Les scènes marquantes s'enchaînent, y compris parfois lors des transitions (à noter qu'il n'y a pas d'entracte pour cette pièce d'une heure trente). Dans ces moments, l'obscurité est transpercée par le faisceau inquisiteur d'une torche projetée par un garde du mirador sur les visages des spectateurs, comme pour les contraindre à la réflexion. La scène du lit révèle la patte du chorégraphe, que l'on retrouve dans les scènes utilisant l'horizontalité. Elle culmine dans un porté des hanches de Roméo, qui, dans un effort désespéré, tente de soulever sa Juliette et de la conduire vers un destin plus favorable. Les deux héros sont accompagnés là par quatre couples, aux visages masqués par d'obscures cages transparentes, qui reproduisent les amours charnels des amants. Les costumes, figurant grossièrement la nudité, ou l'aspect mural, en deux dimensions quand on est face à leurs ébats, en font des visions incongrues. Ils évoquent les mosaïques antiques reproduisant des bacchanales, projetant, au mieux, les rêves érotiques des amants,
révélant, au pire et par contraste, leur pureté.

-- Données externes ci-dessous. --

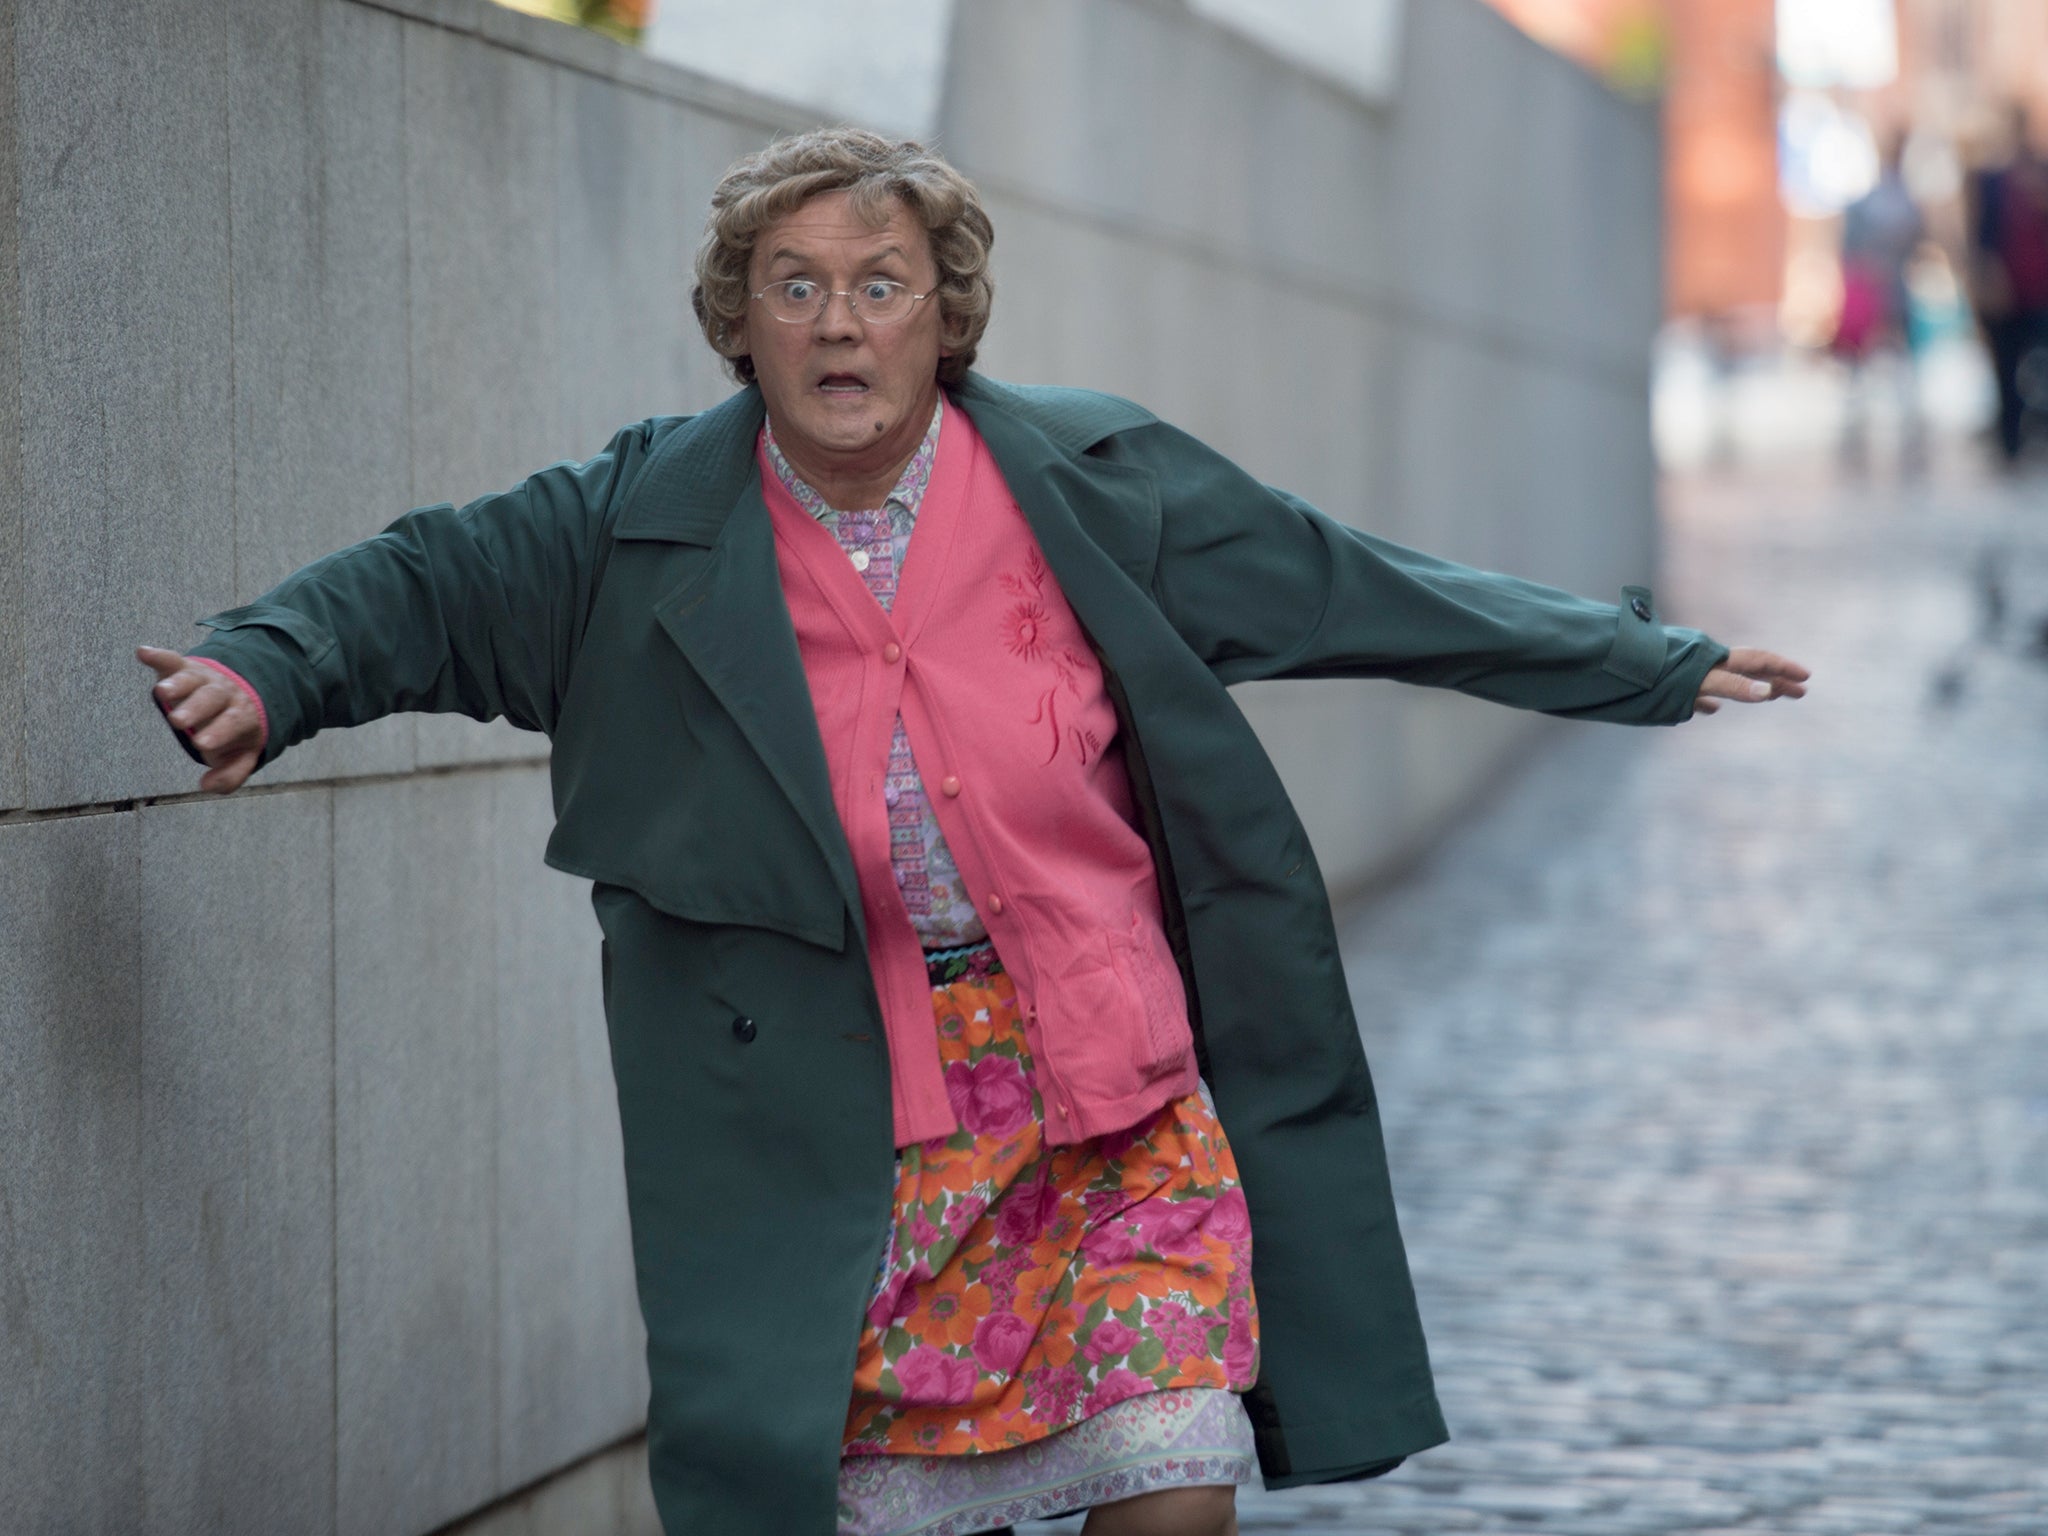 Brendan O'Carroll has brought out his female alter-ego Agnes Brown for Mrs Brown's Boys D'Movie

Le poison est remplacé par un drap rouge, allégorie du monde communiste. Celui-ci, tenu par une main gantée, se fait ensuite drapeau rouge - symbole du passage de l'idée humaine au régime déshumanisé -, puis cape sacrificielle et linceul de cérémonie. C'est dans celui-ci que Juliette se drape pour simuler la mort et duper Tybalt, couvée par des vestales d'un autre monde, sorties de la fusée-mirador dans des volutes oniriques. Ce passage donne lieu à un ensemble de type "acte blanc", seul moment
de cette relecture tendant vers le romantisme.

La fin est connue : la réécrire aurait été une trahison, de Shakespeare, mais aussi de l'Histoire. Juliette ne s'éveille pas à temps, à l'image de la conscience des peuples, pour sauver Roméo. La chaise, symbole d'une première tentative,
vaine, de révolte de Roméo, reste droite, figure de l'ordre régnant, par opposition au lit de l'abandon et de l'espérance. Roméo se suicide avec un rasoir. Suivent alors les tentatives désespérées et déchirantes de Juliette, en forme de sauts cambrés, qui rebondissent sur le corps sans vie de son amant, comme se brisent indéfiniment les vagues sur un rocher. Il n'y a clairement pas de place pour deux sur la chaise, sauf dans la mort commune. La mort de Juliette advient alors sous l'œil d'un Tybalt vainqueur au balcon, dans un silence total, à la fois dur et glaçant.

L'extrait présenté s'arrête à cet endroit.